Art Press

Justin Delareux

Extrait des nasses Al Dante, 64 p., 10 euros

- Véronique Bergen

Explorant l’écriture, les arts plastiques, la musique, Justin Delareux livre avec Extrait des nasses un texte-intifada vertébré par la faim d’un autre monde. Brûlant d’un feu post-situationn­iste, ce texte-projectile performe ce que son titre annonce: l’extraction hors d’un monde rongé par la domination.

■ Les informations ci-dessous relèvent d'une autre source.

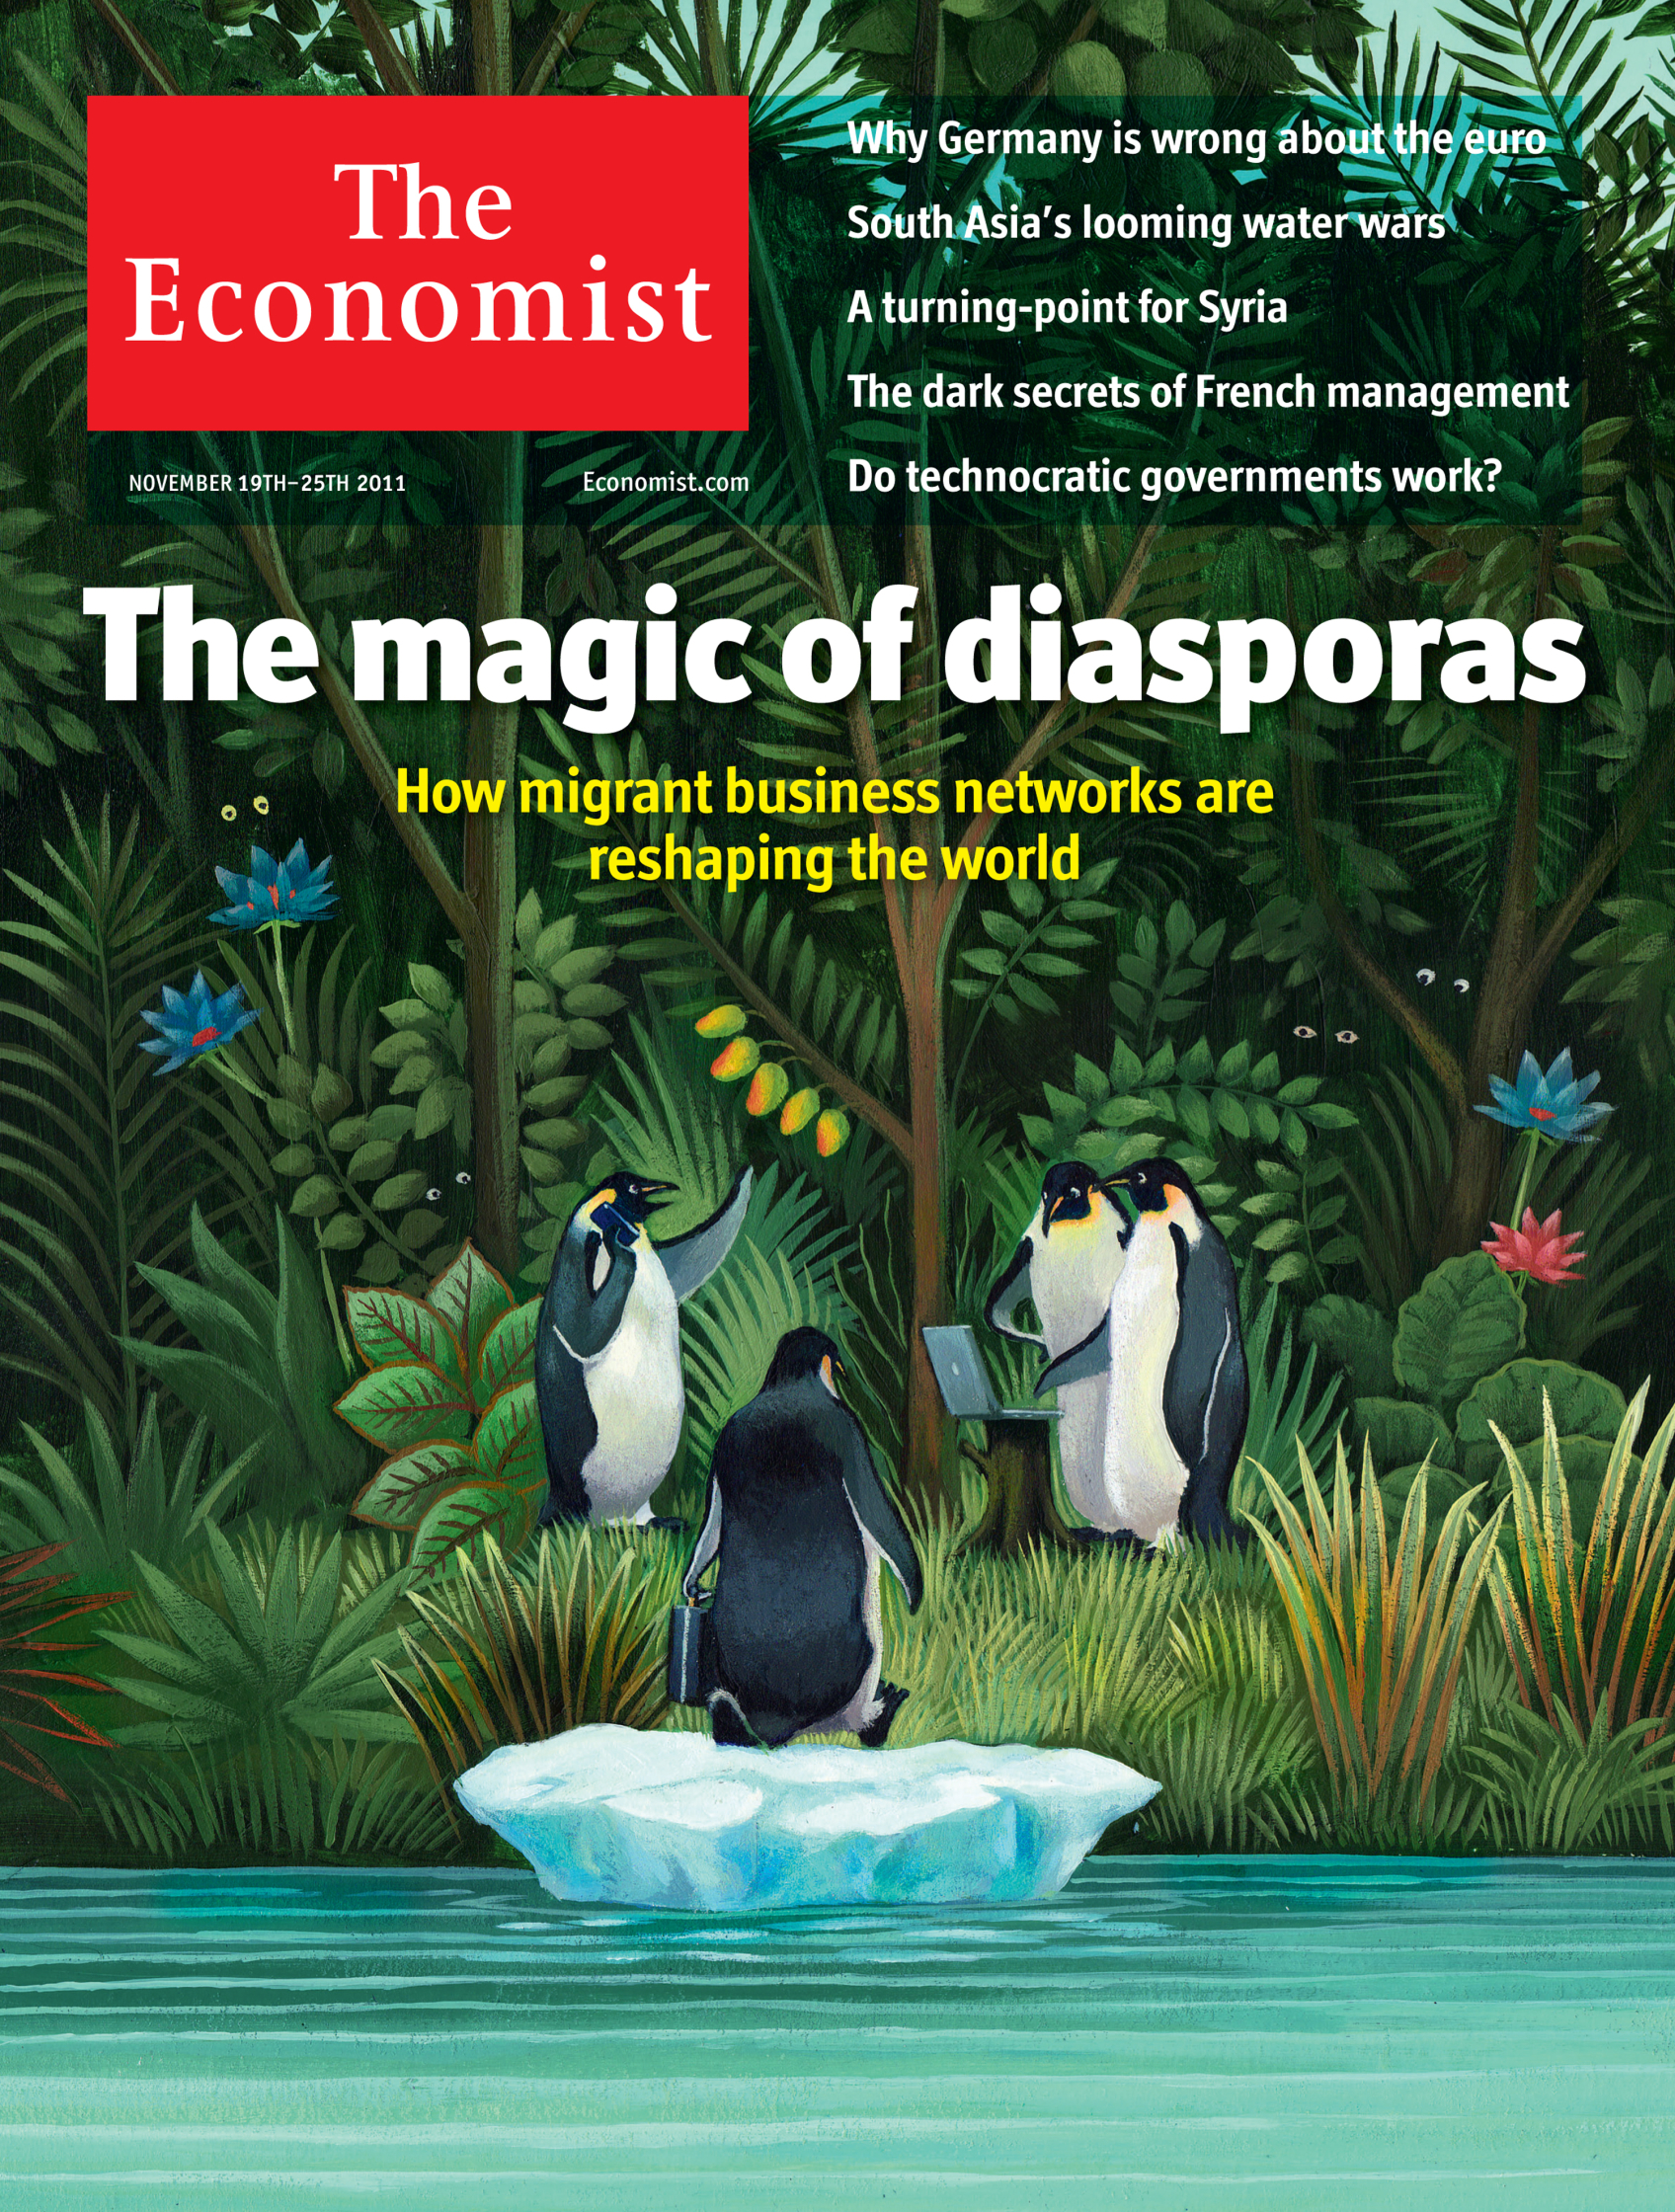 Penguins Magic of Diasporas / The Economist

Au fil d’une poésie insurgée, ce texte désentrave, déconstrui­t par un langage-acte ce qui nous emprisonne, lâche des flux de vie arrachés au régime de mort programmée. Si la nasse est un piège dont il faut s’extirper, tout est nasse, le système, le texte, le sujet. Si la nasse est un outil d’aliénation, une technique étatico-policière, elle est aussi une « machine de guerre » (Gilles Deleuze) qui se retourne contre ce qui amenuise nos libertés. « Écrivain en état de siège », l’auteur dispose une machine de guerre scriptural­e qui élit la forme du fragment ou, comme l’écrit Jean-Marie Gleize dans sa préface, une « écriture “à fragmentat­ion” ». Dans le maelström du texte, Tarnac se lève. Jouer Tarnac contre le tarmac des existences asphyxiées, c’est faire du texte un projectile. Delareux lance des phrases-rivières, retournées à l’état sauvage, des phrases-harets qui, ouvrant des brèches, activent un chant de vie. Parataxes, morcelleme­nt syntaxique, clins d’oeil à Debord, Extrait des nasses invente un dispositif verbal incendiair­e, un manifeste poético-politique de survie qui bêche les mottes de mots comme on retourne une terre. « La vie qui nous est proposée ne nous va pas ». Se chercher un autre temps libéré, c’est attaquer ce qui déboise les pensées et les corps, faire pousser des ronces sur les déserts de béton. Saluons la puissance d’un texte-sécession qui riposte à la mécanique grippée du temps, au spectacula­ire intégré par un chant intempesti­f.